Are you looking for an all-out party weekend at the ruin bars of Budapest or a relaxing stay on the beautiful beaches of Split? Do you find yourself itching to delve into sights of ranging historical significance and intrigue, like the remnants of World War II in Poland?

Whatever your style of travel or trip expectations, you are guaranteed to find a city or two in Eastern Europe that has it. To provide some travel inspiration, listed below are 20 excellent choices, from super popular options to those slightly off the beaten track.

Best Cities In Eastern Europe

1. Budapest, Hungary

Aerial view of Budapest, Hungary
Kyle Kroeger / ViaTravelers

After a restless history, Budapest is today a popular tourist destination in Central Europe. It’s a superb option for those traveling on a budget. The city’s nightlife is legendary, with cheap nights out in its many unique ruin bars.

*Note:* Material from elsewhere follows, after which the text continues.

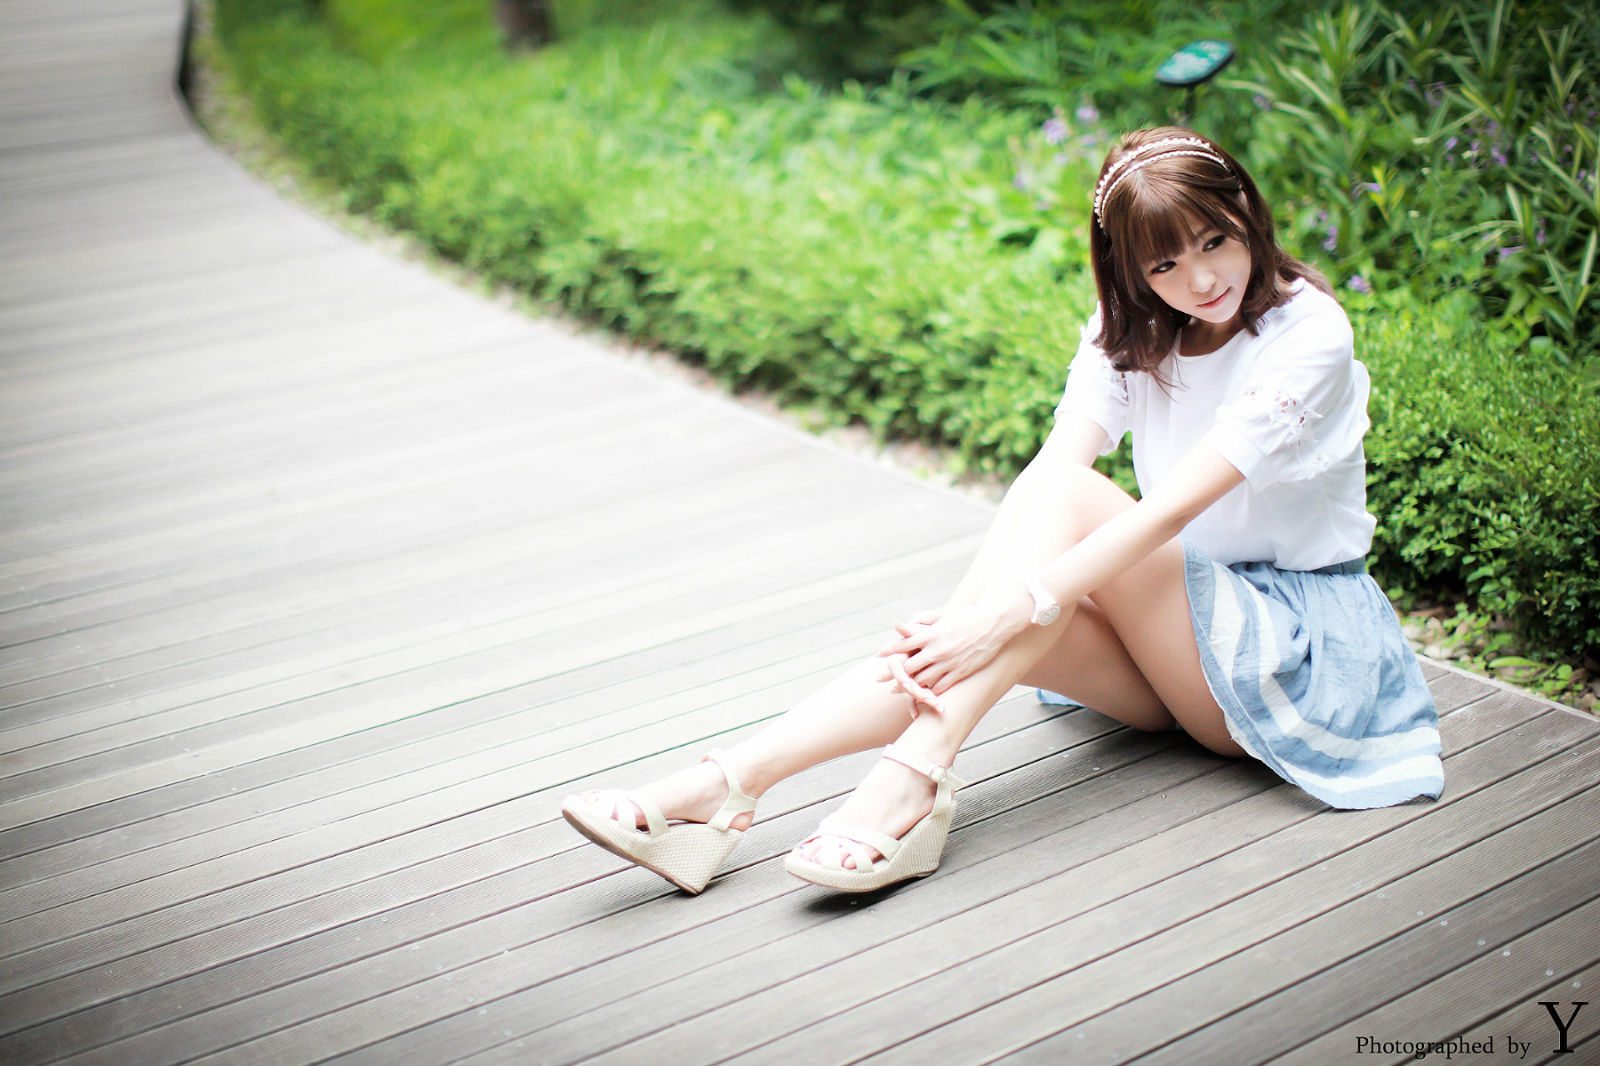 Li Enhui “Park short skirt outside shoot” [Korean beauty] photo set

Popular for its thermal baths, visiting a spa in Budapest is a great way to relax and unwind. Budapest is brimming with significant time-honored landmarks like Buda Castle or the former Jewish district. Opting for a personalized tour is a great way to explore its highlights.

See Related: Prague vs. Budapest: What is Best to Visit?

2. Prague, Czech Republic

Charles Bridge from Prague Castle
Kyle Kroeger / ViaTravelers

Cobblestone streets meander through Prague, one of the most visited cities in Eastern Europe. This is an excellent city for those looking for a thriving nightlife, with one of the best nightlife scenes in Europe.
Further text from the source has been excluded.